The equations to solve are $${F}_{i}(x)=0$$, $$1\le i\le n$$. The example uses $$n=1000$$. The `nlsf1a`

helper function at the end of this example implements the objective function $$F(x)$$.

In the example Large Sparse System of Nonlinear Equations with Jacobian, which solves the same system, the objective function has an explicit Jacobian. However, sometimes you cannot compute the Jacobian explicitly, but you can determine which elements of the Jacobian are nonzero.
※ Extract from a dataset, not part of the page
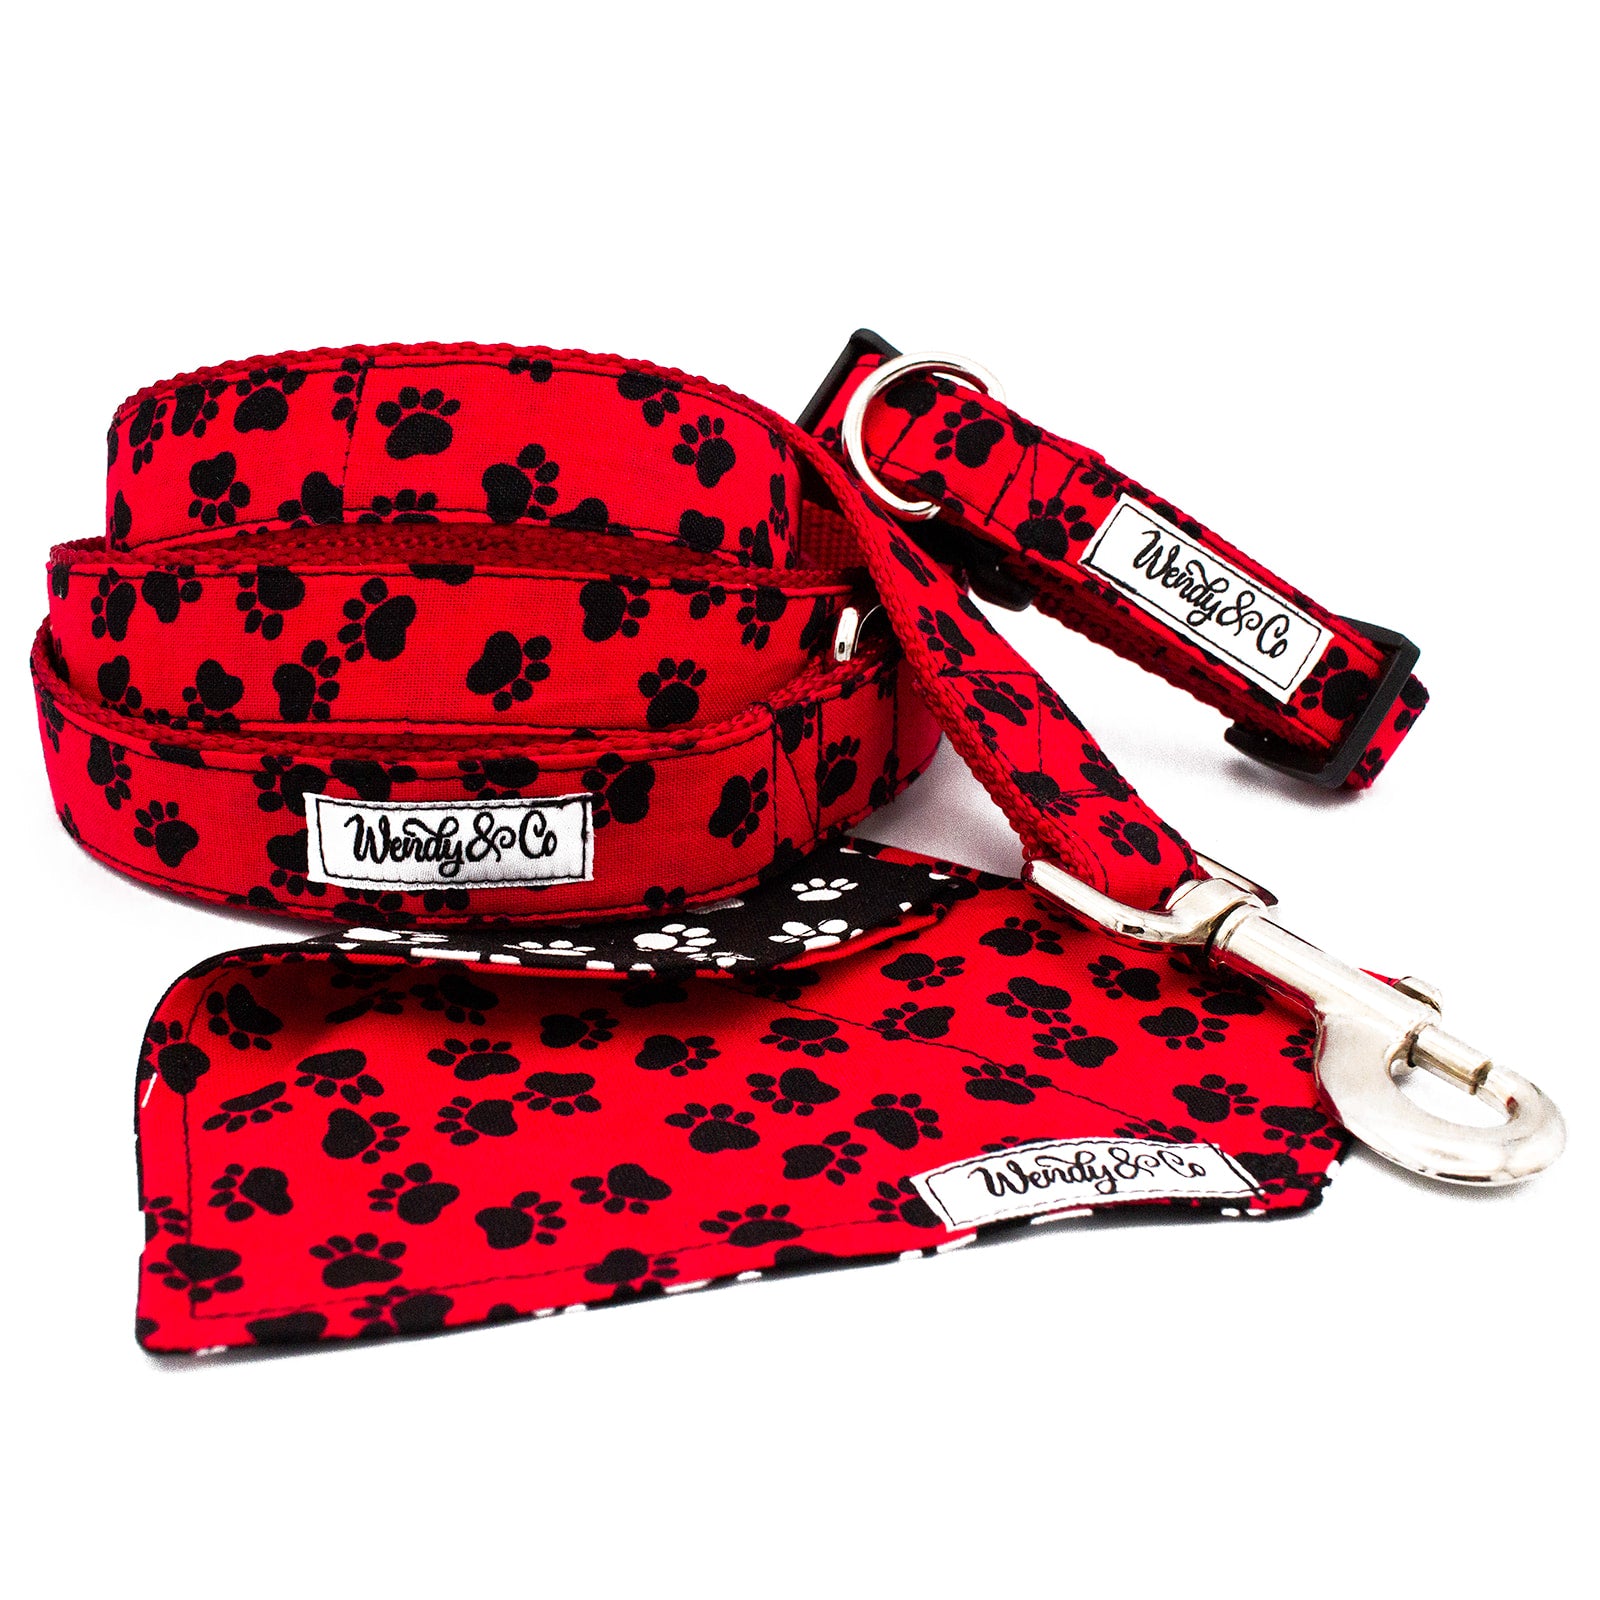 Dog leash, collar and bandana in bright red with black paws.
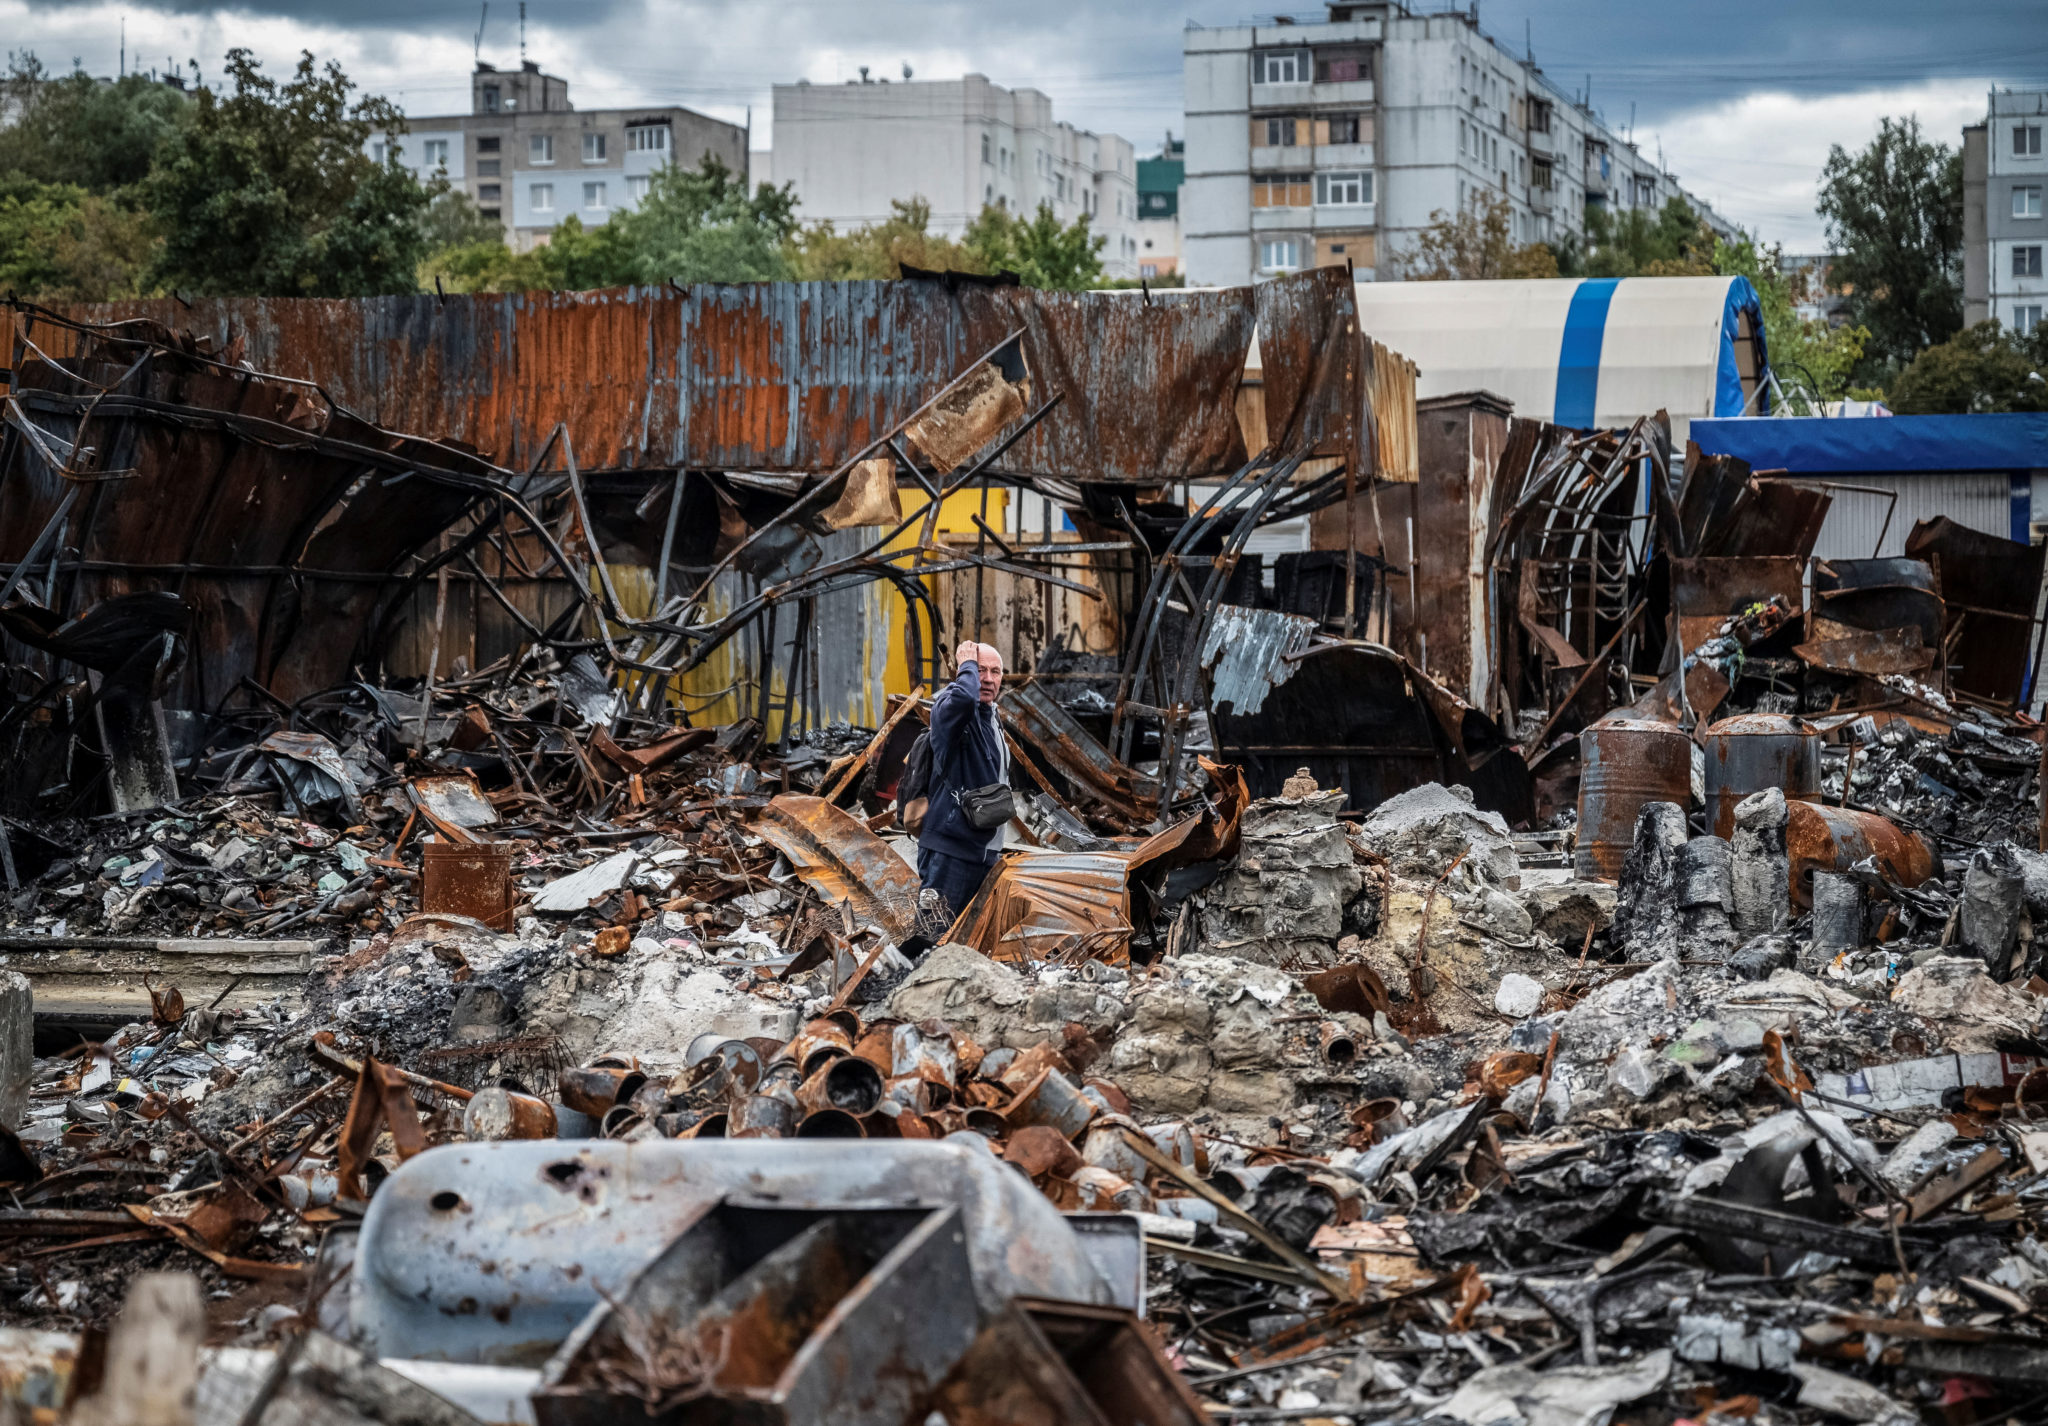 FILE PHOTO: A local resident walks by a street market destroyed by military strikes, as Russia's invasion of Ukraine continues, in Saltivka, one of the most damaged residential areas of Kharkiv, Ukraine September 6, 2022. REUTERS/Viacheslav Ratynskyi

In this example, the Jacobian is tridiagonal, because the only variables that appear in the definition of $$F(i)$$ are $${x}_{i-1}$$, $${x}_{i}$$, and $${x}_{i+1}$$. So the only nonzero parts of the Jacobian are on the main diagonal and its two neighboring diagonals. The Jacobian sparsity pattern is a matrix whose nonzero elements correspond to (potentially) nonzero elements in the Jacobian.

Create a sparse $$n$$-by-$$n$$ tridiagonal matrix of ones representing the Jacobian sparsity pattern. (For an explanation of this code, see `spdiags`

.)

n = 1000; e = ones(n,1); Jstr = spdiags([e e e],-1:1,n,n);

View the structure of `Jstr`

.

spy(Jstr)

Set `fsolve`

options to use the `'trust-region'`

algorithm, which is the only `fsolve`

algorithm that can use a Jacobian sparsity pattern.

options = optimoptions('fsolve','Algorithm','trust-region','JacobPattern',Jstr);

Set the initial point `x0`

to a vector of –1 entries.

x0 = -1*ones(n,1);

Solve the problem.

[x,fval,exitflag,output] = fsolve(@nlsf1a,x0,options);

Equation solved. fsolve completed because the vector of function values is near zero as measured by the value of the function tolerance, and the problem appears regular as measured by the gradient.

Examine the resulting residual norm and the number of function evaluations that `fsolve`

takes.

disp(norm(fval))

1.0522e-09

disp(output.funcCount)

25

The residual norm is near zero, indicating that `fsolve`

solves the problem correctly. The number of function evaluations is fairly small, just around two dozen. Compare this number of function evaluations to the number without a supplied Jacobian sparsity pattern.

options = optimoptions('fsolve','Algorithm','trust-region'); [x,fval,exitflag,output] = fsolve(@nlsf1a,x0,options);

Equation solved. fsolve completed because the vector of function values is near zero as measured by the value of the function tolerance, and the problem appears regular as measured by the gradient.

disp(norm(fval))

1.0659e-09

disp(output.funcCount)

5005

The solver reaches essentially the same solution as before, but takes thousands of function evaluations to do so.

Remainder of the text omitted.